Letters written by Lewis Carroll, author of Alice's Adventures in Wonderland, shortly before his death have been found in a locked journal.
The five letters, more than 100 years old, were discovered by archivists in Alnwick Castle, Northumberland.
The letters, from in 1896 and 1897, were hidden in a locked journal inside a casket belonging to the 7th Duke of Northumberland's mother, Edith. Carroll, was a friend and contemporary at Oxford University of Henry George Percy, later the 7th Duke, and one letter is to his young daughter Muriel.

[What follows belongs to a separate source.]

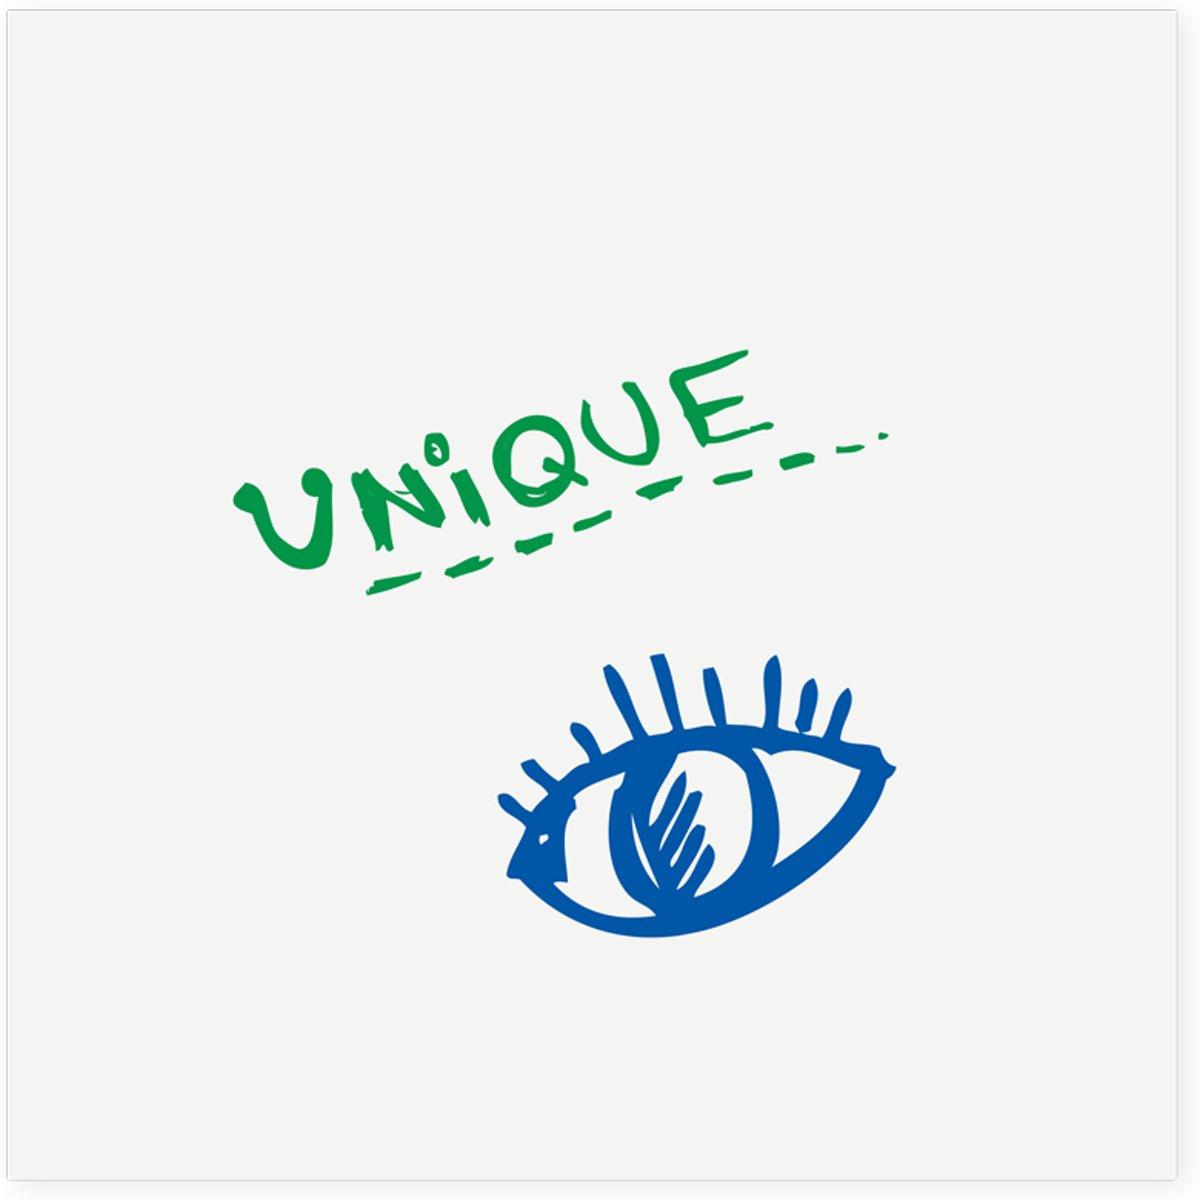 https   www.bol.com nl p canvas-schilderij-vierkant-groen-geel ... 0ec4292ba1e

The journal was discovered by the castle's head archivist, Colin Shrimpton, who had to call in a locksmith. A spokesman for the 12th Duke said yesterday: "We think it is quite exciting because the final letter was written so close to his death and was actually signed Lewis Carroll as opposed to his real name Charles Dodgson.
"What we have to remember is Carroll's books were the Harry Potter books of their time and for the seven-year-old Muriel to have received such a letter must have been wonderful."
One of the letters is a reply to a garden party invitation. Three others try to persuade Lord Percy and his wife to have a portrait painted of their eighth child, Mary.
The final letter was written at Christmas 1897 to the couple's 13th child, Muriel, with which he sent a plum cake. This letter is thought to have been one of his last. He died on 14 January, 1898, aged 65.
The letters are on display until the end of October at Alnwick Castle as part of an exhibition of children's literature.